▶ [PROBLEM REQUIREMENTS]
Starting with the line that has "Procedural Results and" in the records below and ending with the line that has "Good Friday Image", output those lines exactly and nothing more; omit the pictures.

▶ [DATASET RECORDS]
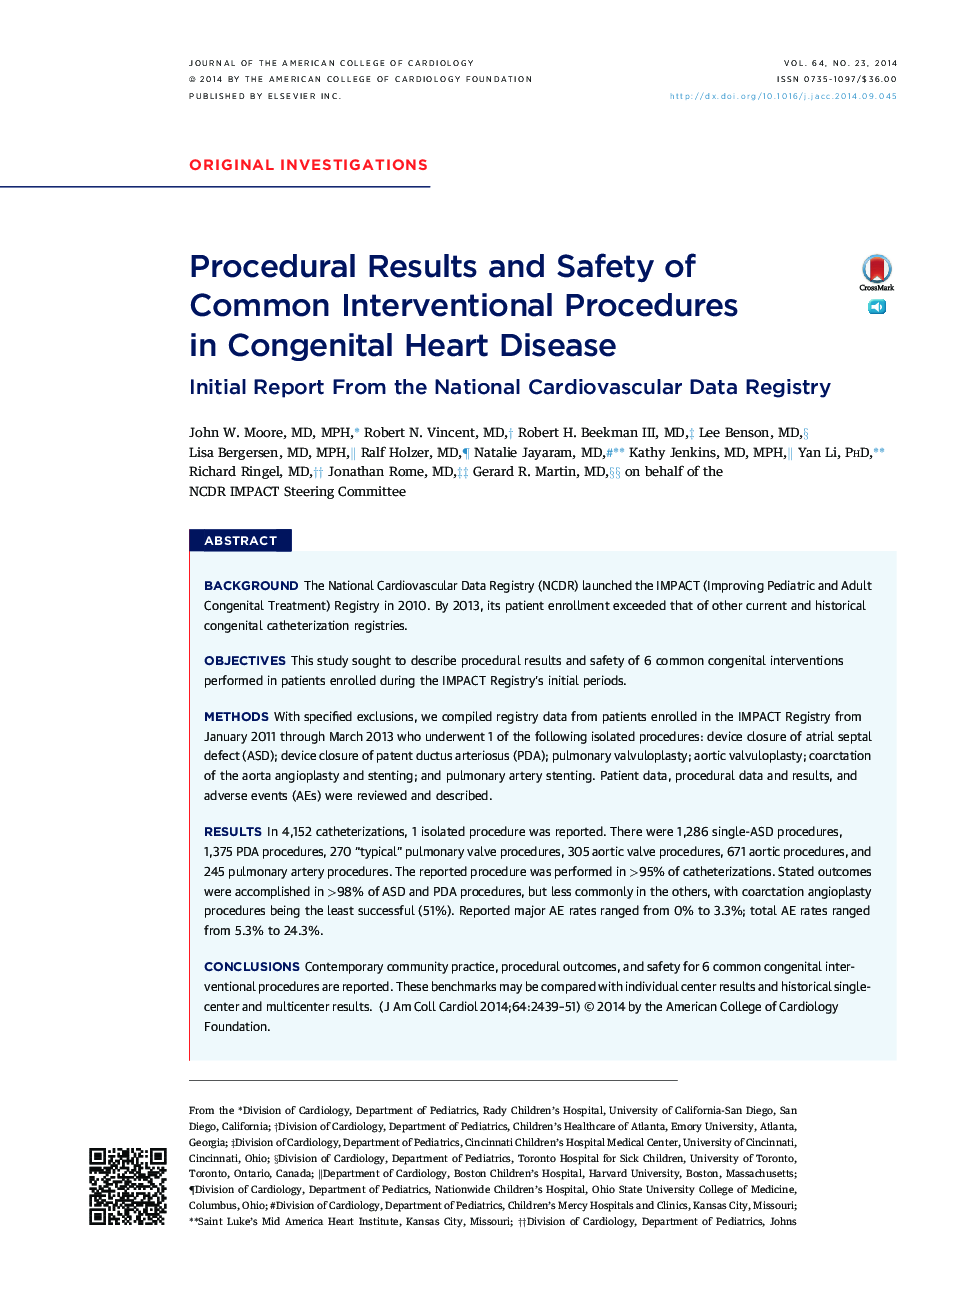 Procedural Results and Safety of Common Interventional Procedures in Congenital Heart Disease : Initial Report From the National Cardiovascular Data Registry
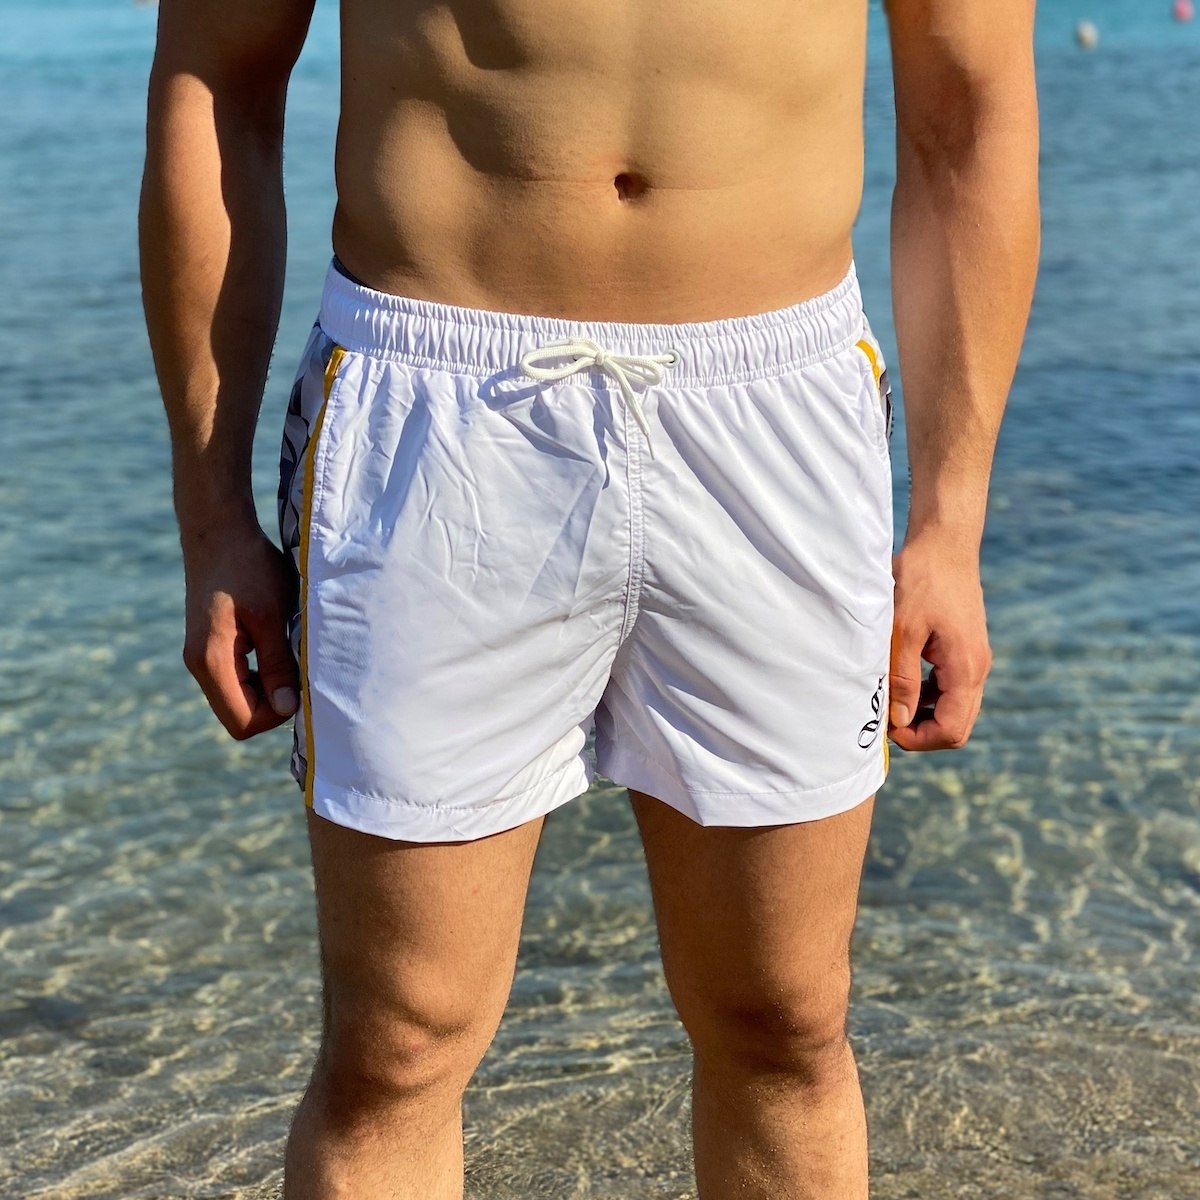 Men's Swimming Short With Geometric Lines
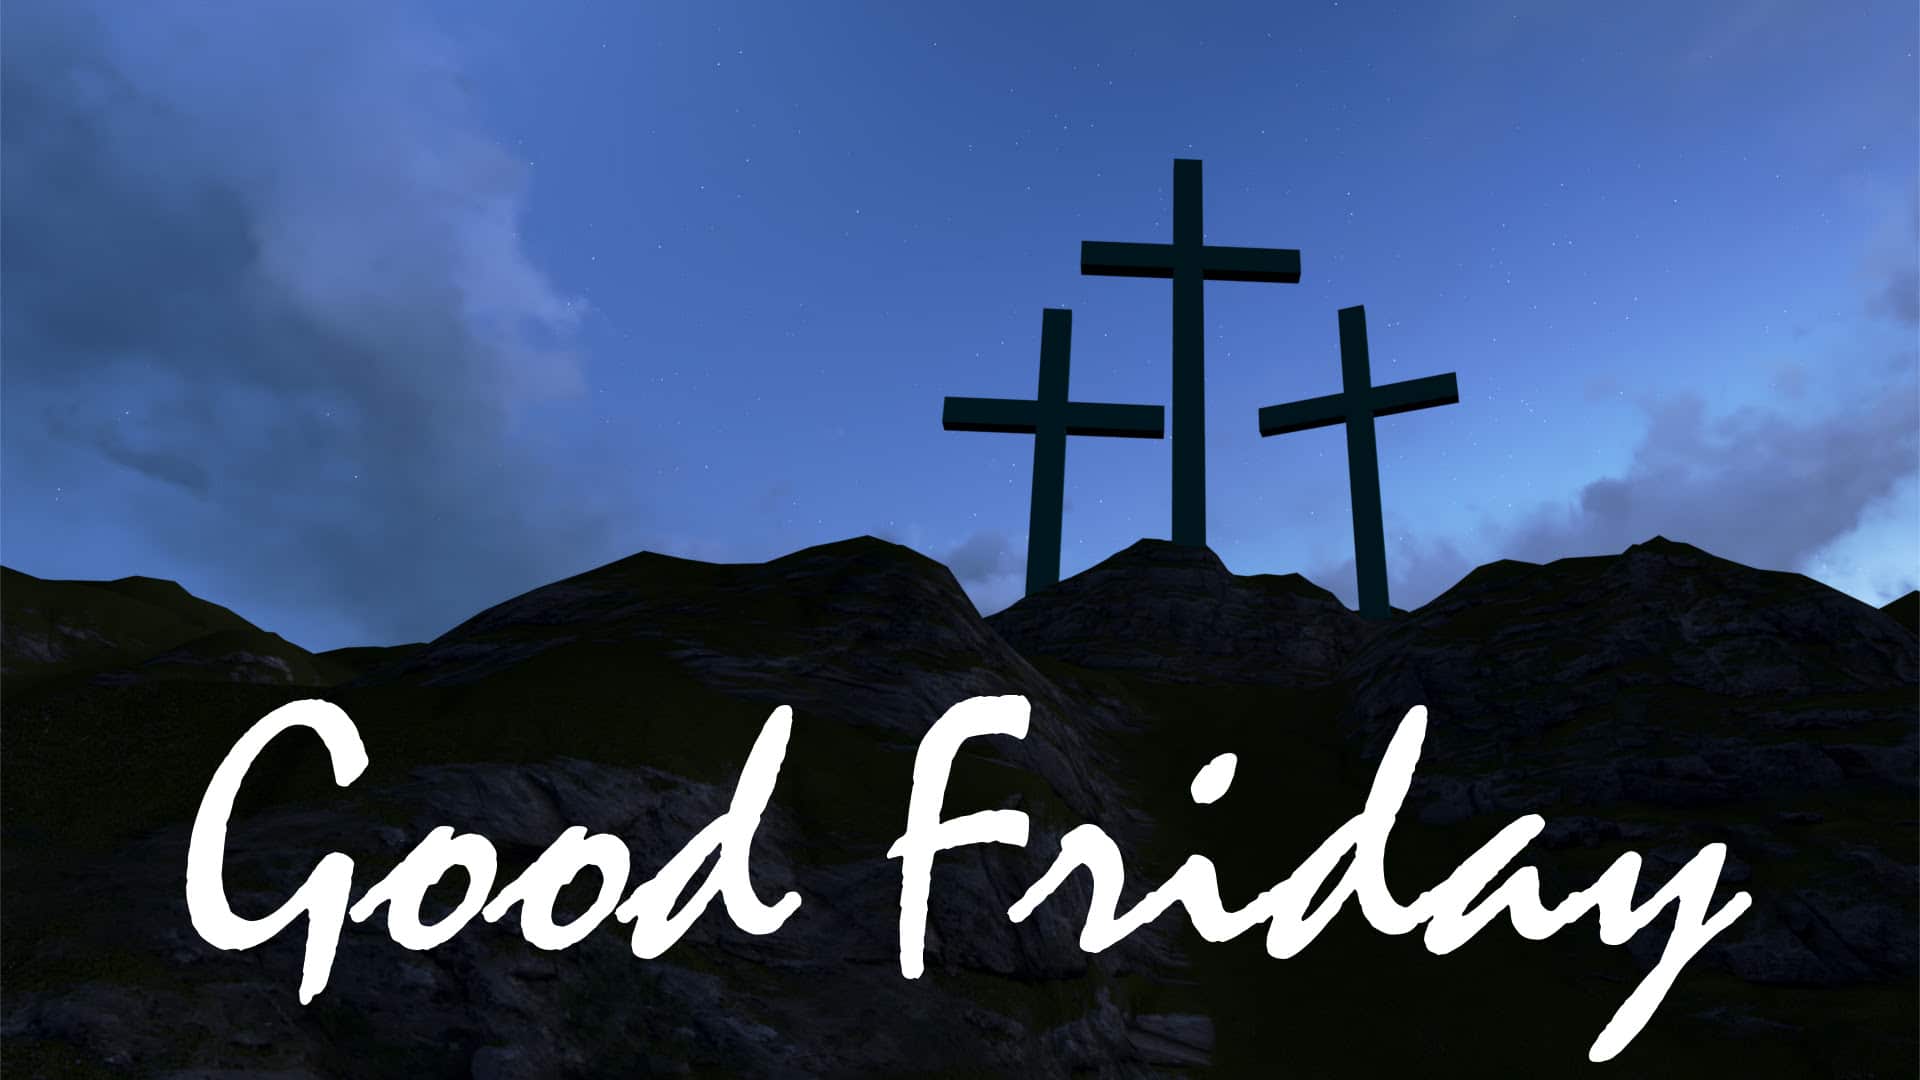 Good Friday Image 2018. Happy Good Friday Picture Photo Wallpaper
==
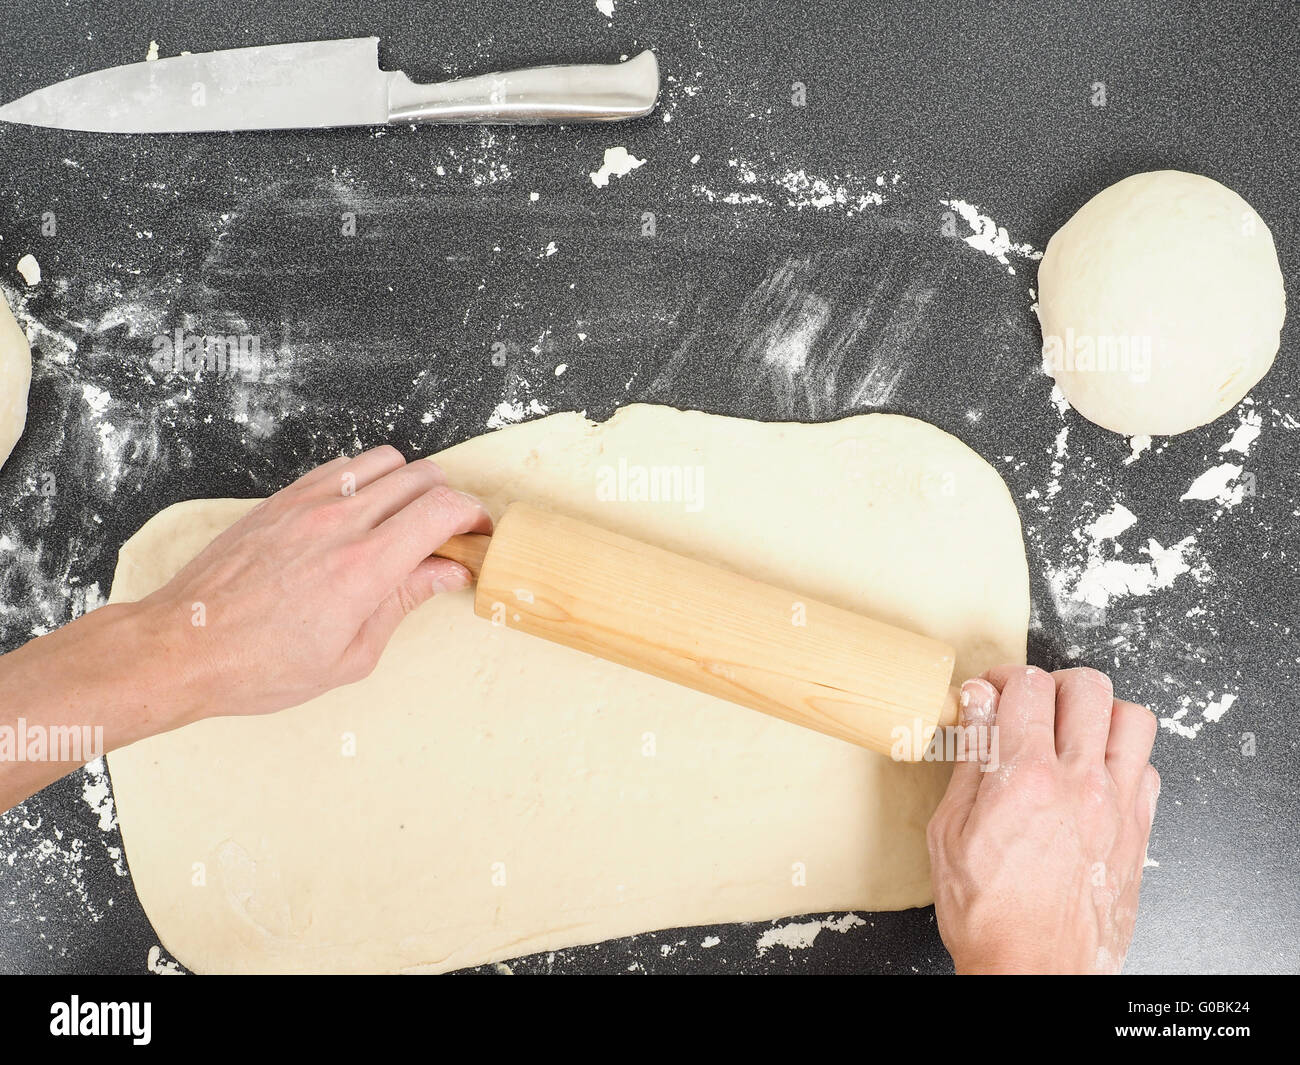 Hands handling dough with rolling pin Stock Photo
---
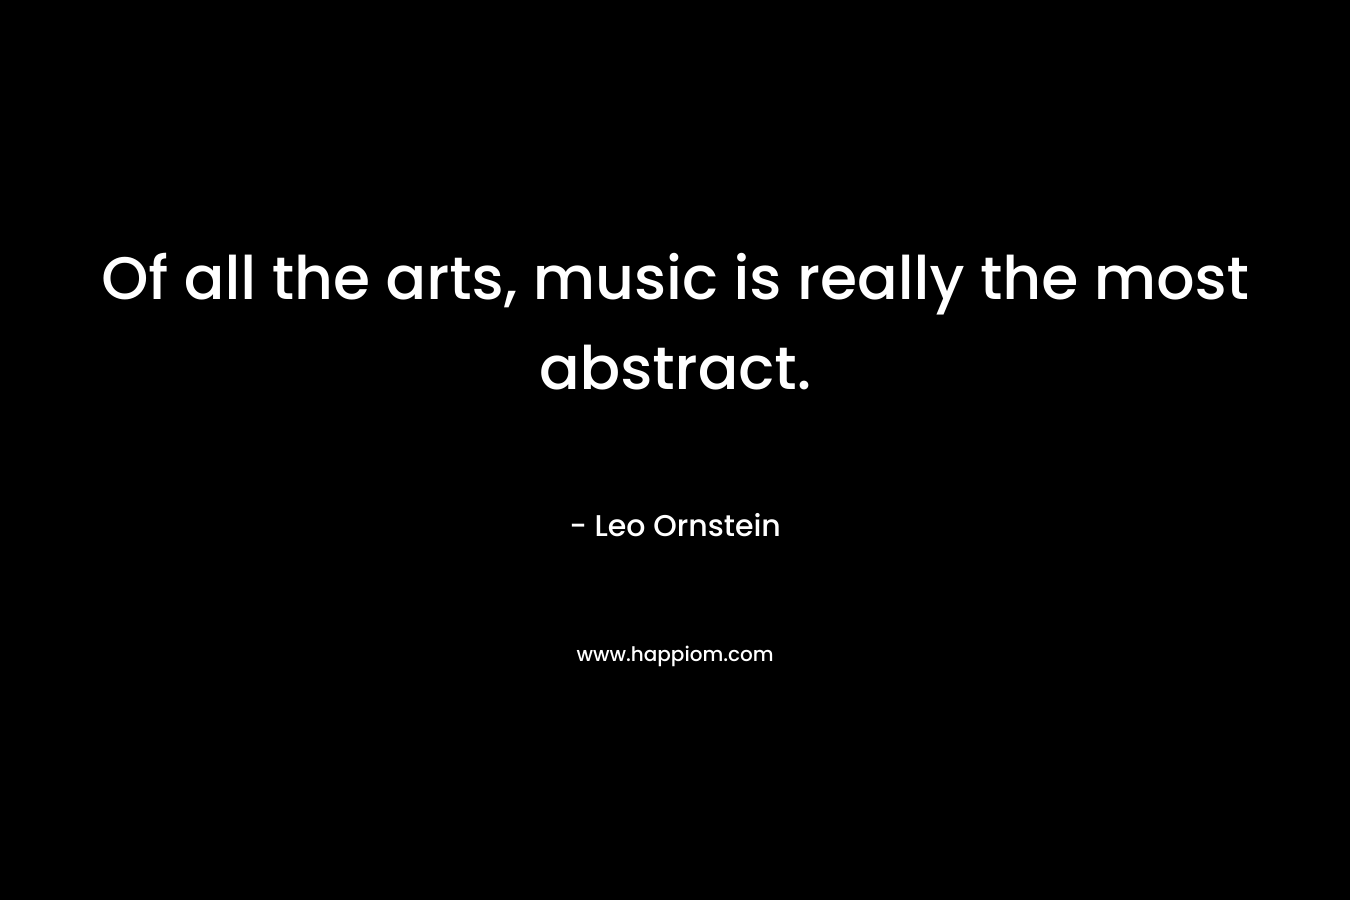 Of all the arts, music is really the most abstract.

▶ [PROBLEM SOLUTION]
 Procedural Results and Safety of Common Interventional Procedures in Congenital Heart Disease : Initial Report From the National Cardiovascular Data Registry
 Men's Swimming Short With Geometric Lines
 Good Friday Image 2018. Happy Good Friday Picture Photo Wallpaper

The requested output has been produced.